# 1Dx froze with black screen.



## hammy (Sep 23, 2012)

I was using the 1Dx today and suddenly it froze with a black screen. None of the button was functioning. i had to remove the battery and the camera reset. Does anyone have this problem?


----------



## Mt Spokane Photography (Sep 23, 2012)

There are several posts about happenings like this, and the workarounds. Do a search on 1DX from the forum top page.


----------



## devank (Sep 23, 2012)

Did it show any error code ?


----------



## hammy (Sep 24, 2012)

No error code. The LCD was all black. none of the buttons are working. the camera froze. have to remove the battery to reset. everything was back to normal after that . $7000 dollar camera doesn't give me that much confidence.


----------



## Shawn L (Sep 24, 2012)

I had the same thing happen with my first copy of the 1DX. I heard something that sounded like the shutter locking up, and then the camera was dead. None of the buttons worked, couldn't bring up the menu, etc.

Turning off and back on solved it for me.

After wrestling with what to do, I eventually returned that copy (I was lucky, it happened within the first 30 days); the replacement hasn't shown the issue. Though, to be fair, it has far less actuations than the other one did when it locked up (happened around 2,200 photos).

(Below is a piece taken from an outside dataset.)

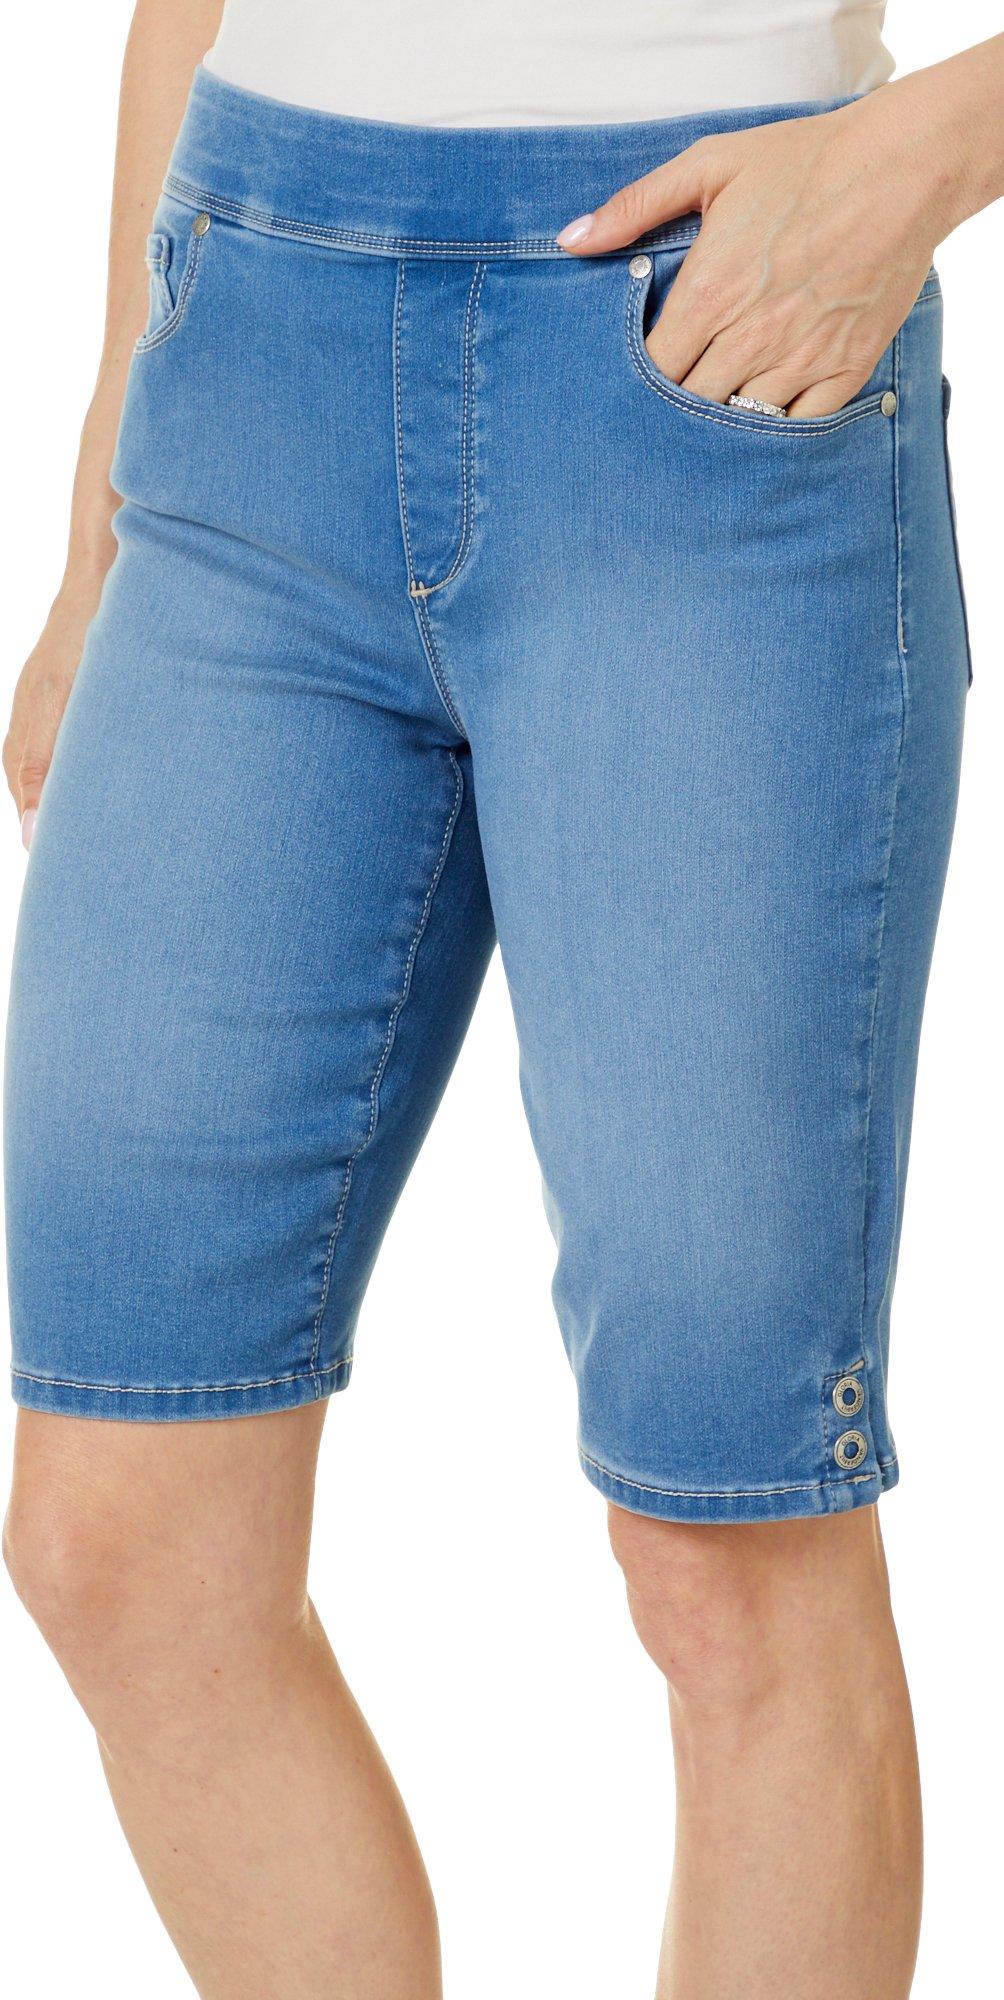 Buy > gloria vanderbilt all around slimming shorts > in stock

I didn't get an error code on the screen, and I looked through the error log on the camera, and it didn't seem to know that this had happened. Could just be a hard crash.

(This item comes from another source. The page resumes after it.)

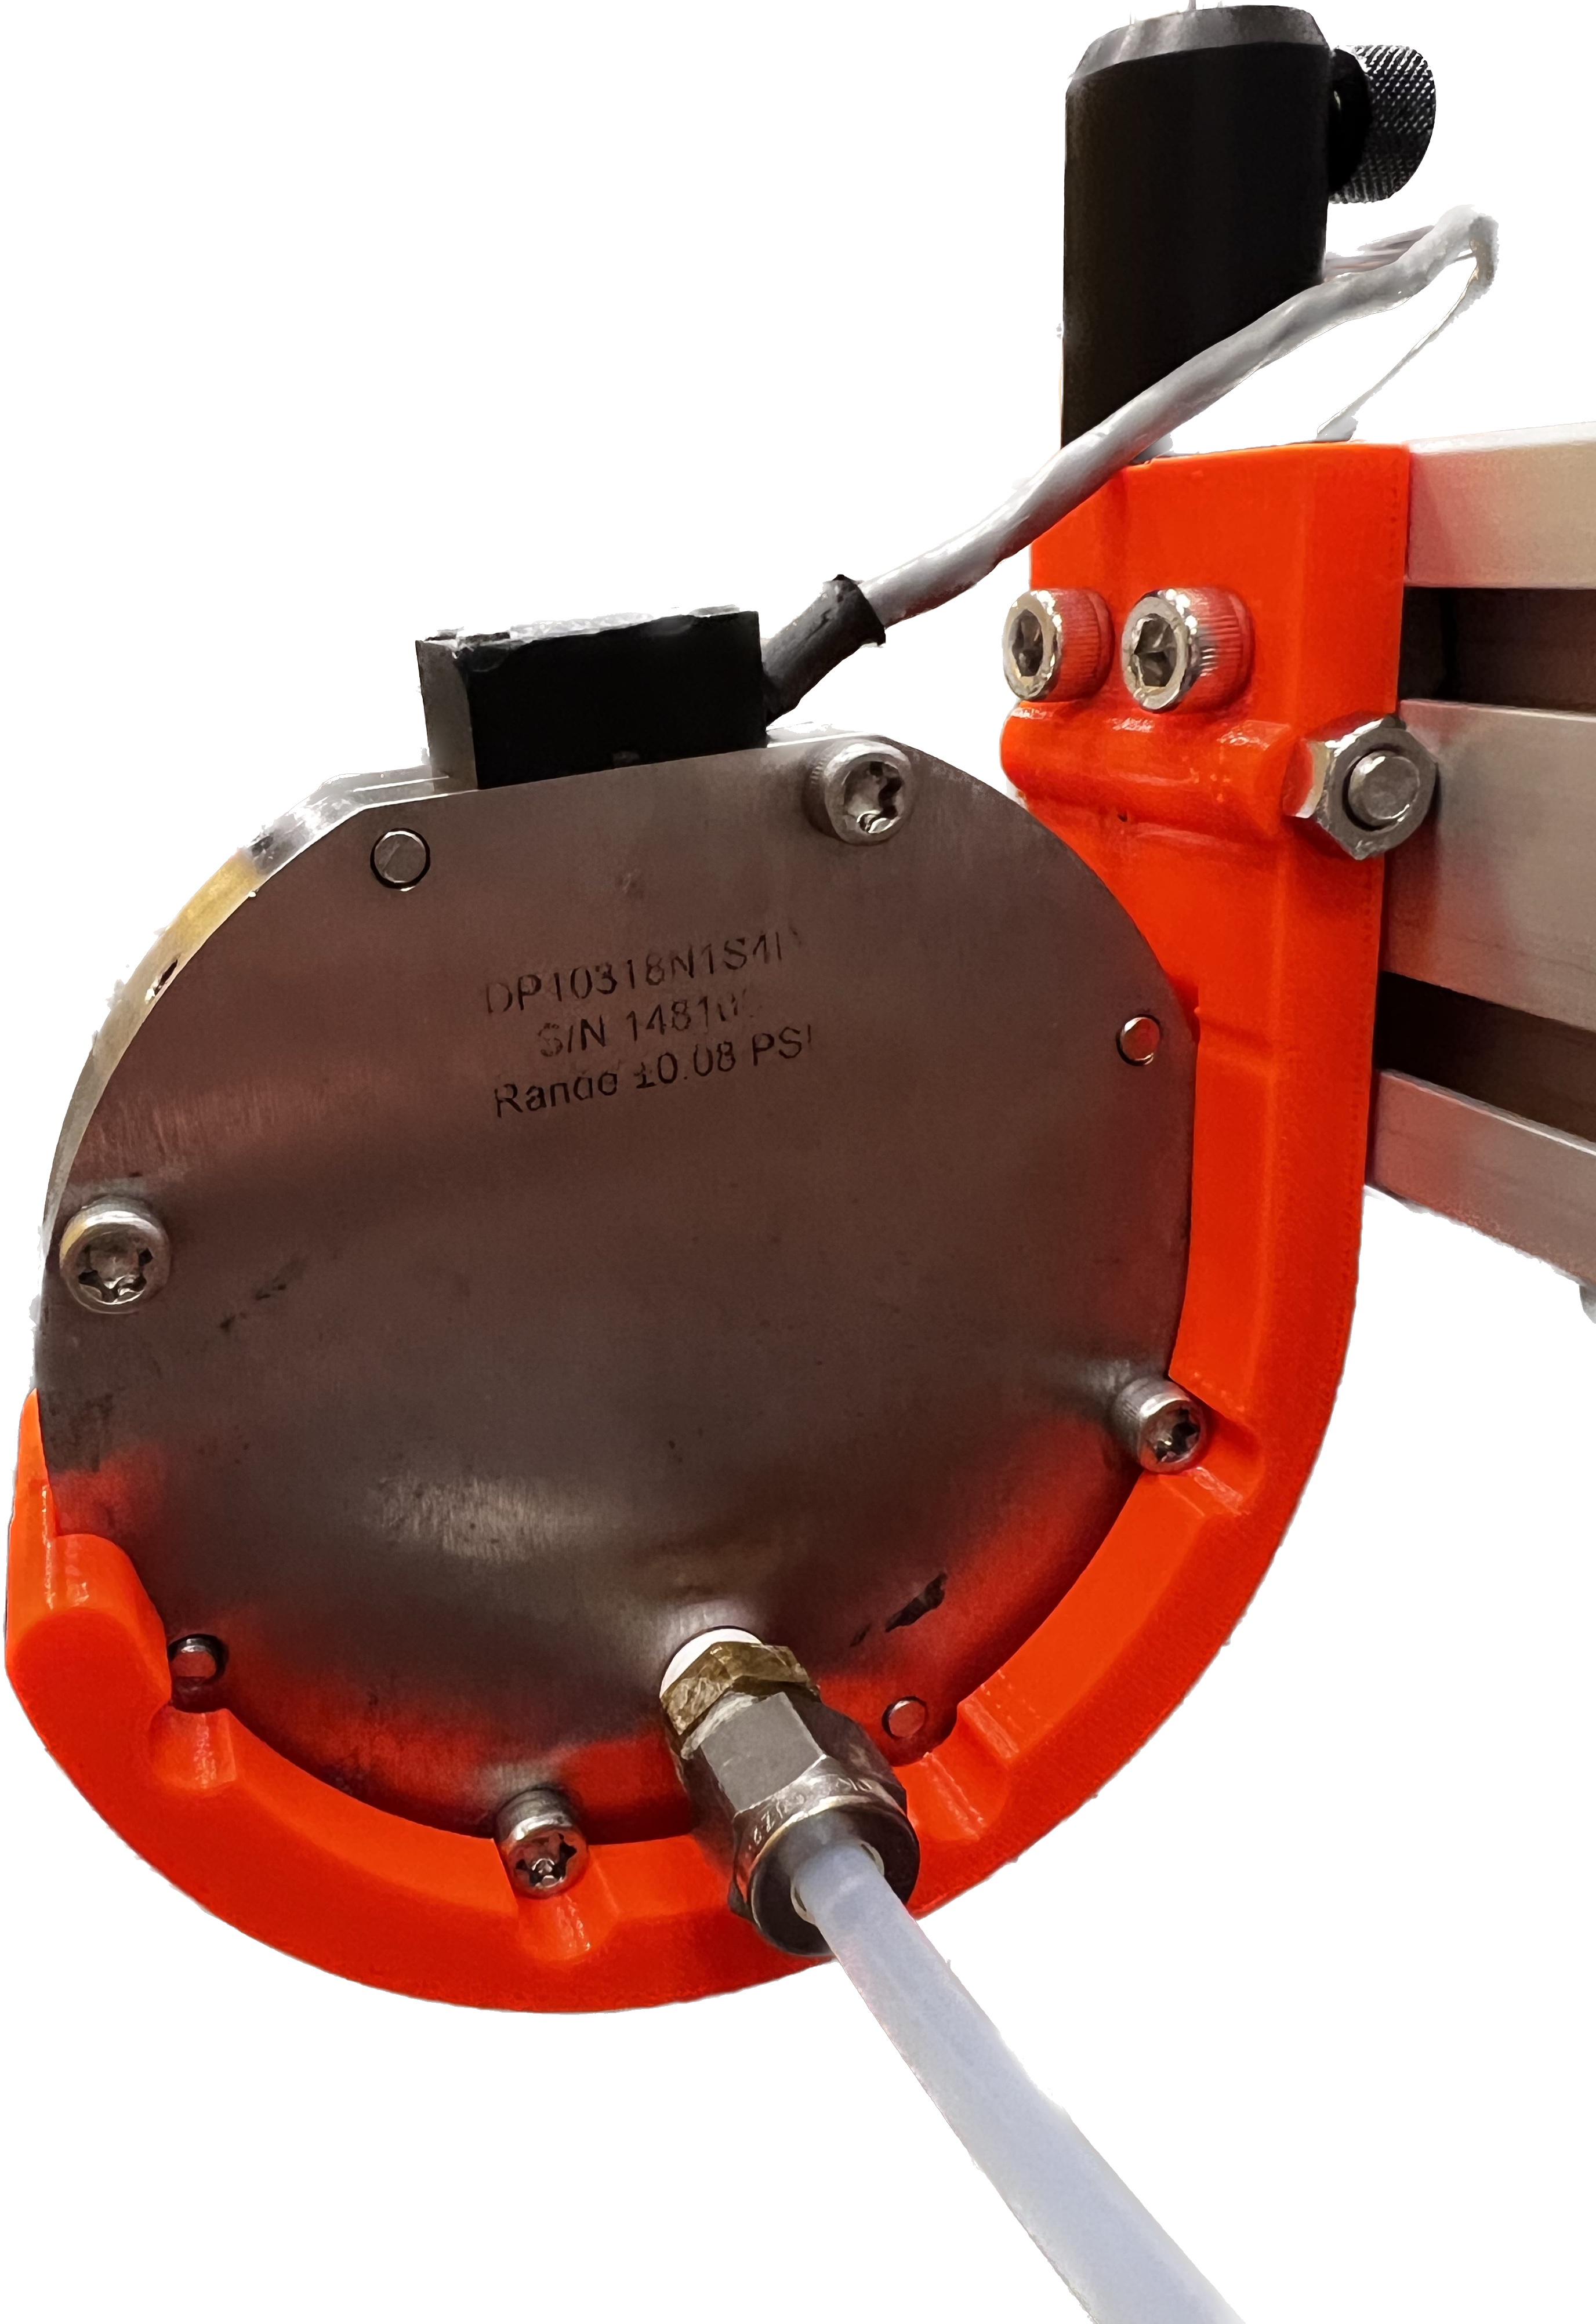 Validyne DP103 Pressure Sensor Mount by Flondy | Download free STL ...

What BIOS version are you using? Mine happened with the BIOS that originally shipped.

Wish you lots of luck :/

Shawn L.


----------



## Shawn L (Sep 24, 2012)

Here's my original post on the subject:

http://www.canonrumors.com/forum/index.php?topic=8443.msg153755#msg153755

Others posted some nice debugging tips in there including using chkdisk (PC) to make sure there's no issue with the memory card.

Shawn L.


----------



## hammy (Sep 24, 2012)

i updated the new version OS.  . too late for me to return..


----------